Empathy in design isn't a soft skill — it's a discipline. The interfaces I'm proudest of weren't built around what I found visually exciting. They were built around what someone, somewhere, was actually trying to get done. Bridging that gap is the whole job.
Over the last seven years, I've watched the same pattern play out on every project: the designs that resonate are the ones where you can feel the user behind every decision. The ones that fall flat tend to look beautiful — and solve the wrong problem entirely.
What empathy actually means in practice
It's easy to nod along to "design with empathy" in a kickoff meeting and then go right back to building from assumption. The shift happens when empathy stops being a vibe and becomes a set of habits — small, repeatable, almost mechanical things you do before you open Figma.
- Talk to five real users before sketching anything — even informal phone calls count.
- Write the user's goal as a single sentence and pin it to the top of your file.
- Map the moment of frustration, not just the happy path.
- Ask "what would make this feel obvious?" before "what would make this look good?"
“Good design is invisible. Great design is invisible and inevitable — the user feels like there was never any other way it could have worked.”
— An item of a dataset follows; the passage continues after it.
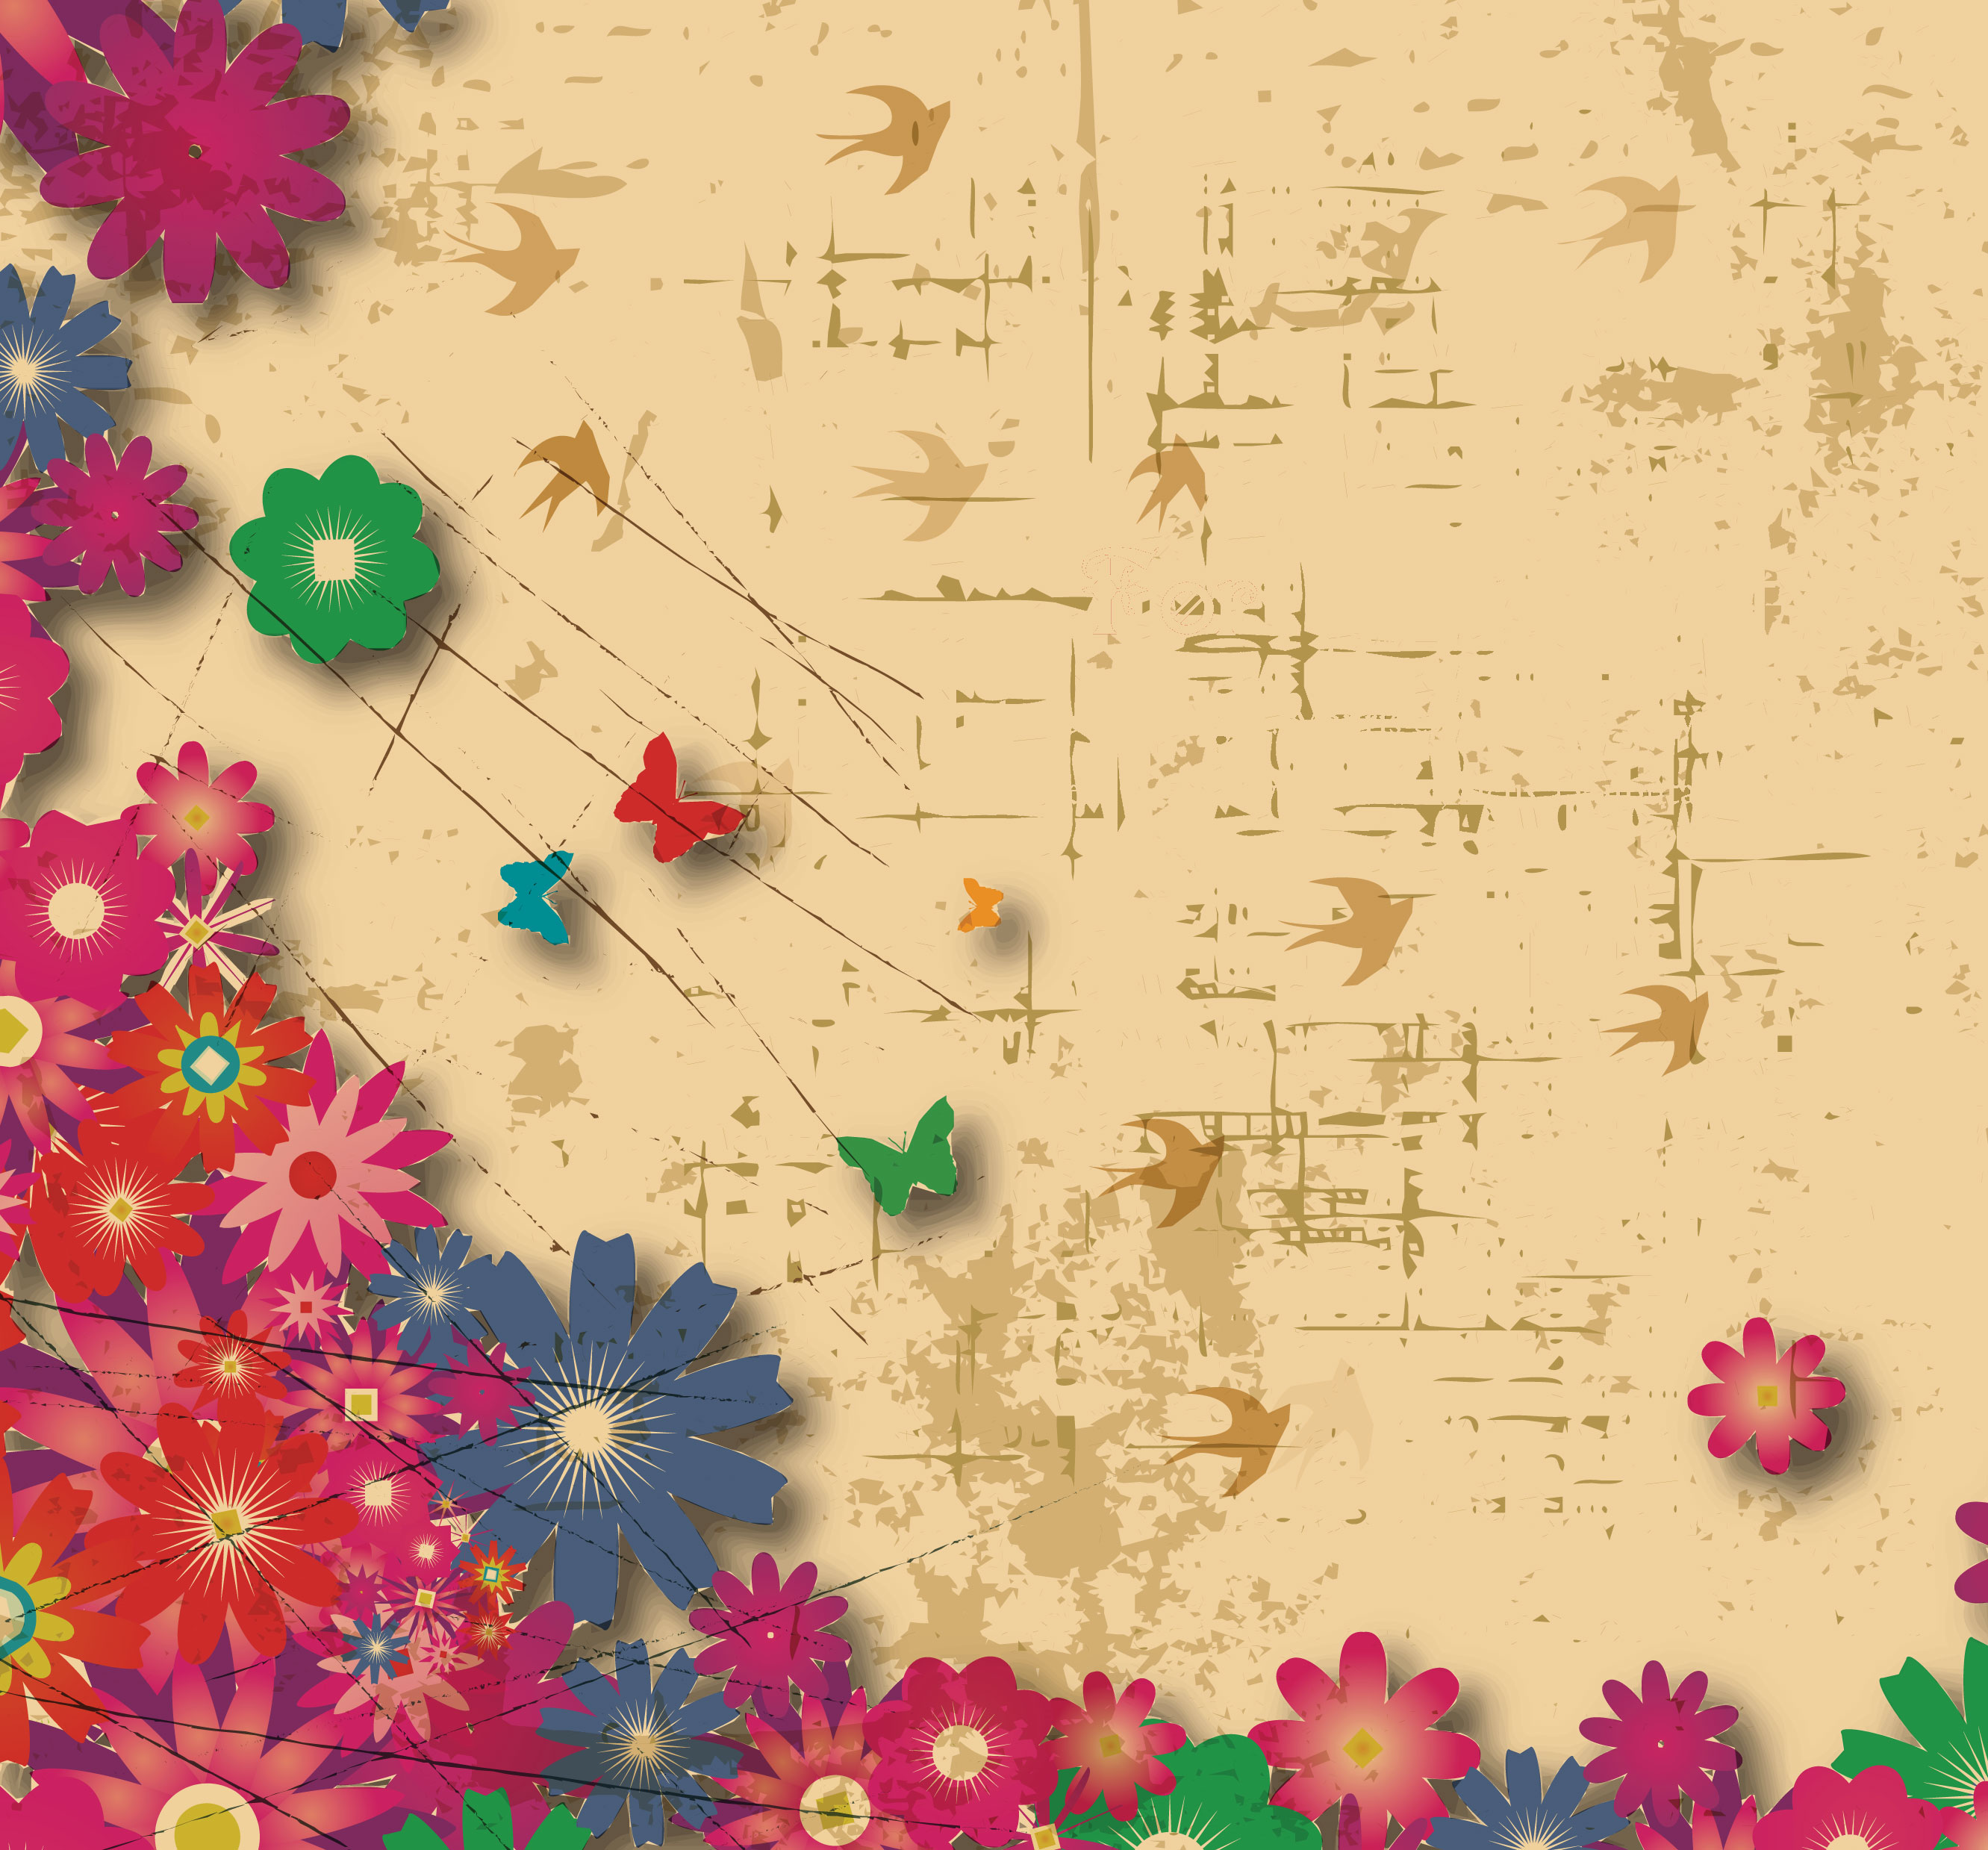 花のイラスト フリー素材 壁紙 背景no 576 赤青緑 レトロ模様 鳥

Research is just listening with a purpose
You don't need a research budget to design with empathy. You need to ask better questions and resist the urge to confirm what you already believe. I keep a running document for every project called "things I assumed and was wrong about." It humbles me every time.
The most useful question I've ever asked in a user interview wasn't a design question at all. It was: "walk me through the last time you tried to do this." That single prompt unearths workflow, frustration, and context in a way a hundred mock-ups can't.
The mistake I keep seeing
Designers fall in love with the polished outcome and forget that the user's reality is messy. They never finished the onboarding. They opened the app on a cracked screen. They were interrupted three times mid-task. If your design only works in the calm of your studio, it doesn't work.
The fix isn't more user testing — though that helps. The fix is internalizing that your user isn't paying attention. They're not reading your microcopy. They're not admiring your spacing. They want to get something done and leave. Design for that human, not the imaginary one with all the time in the world.
One habit to start tomorrow
Before you open any tool on your next project, write a single paragraph from the user's perspective describing what success looks like for them. Not for the business. Not for the brand. For them. Read it before every design decision you make that week. It will quietly change everything.
Empathy isn't a phase of the project. It's the lens you keep over your eyes the whole way through. The work that lasts — the work that people actually love — is built that way from the first sketch to the final pixel.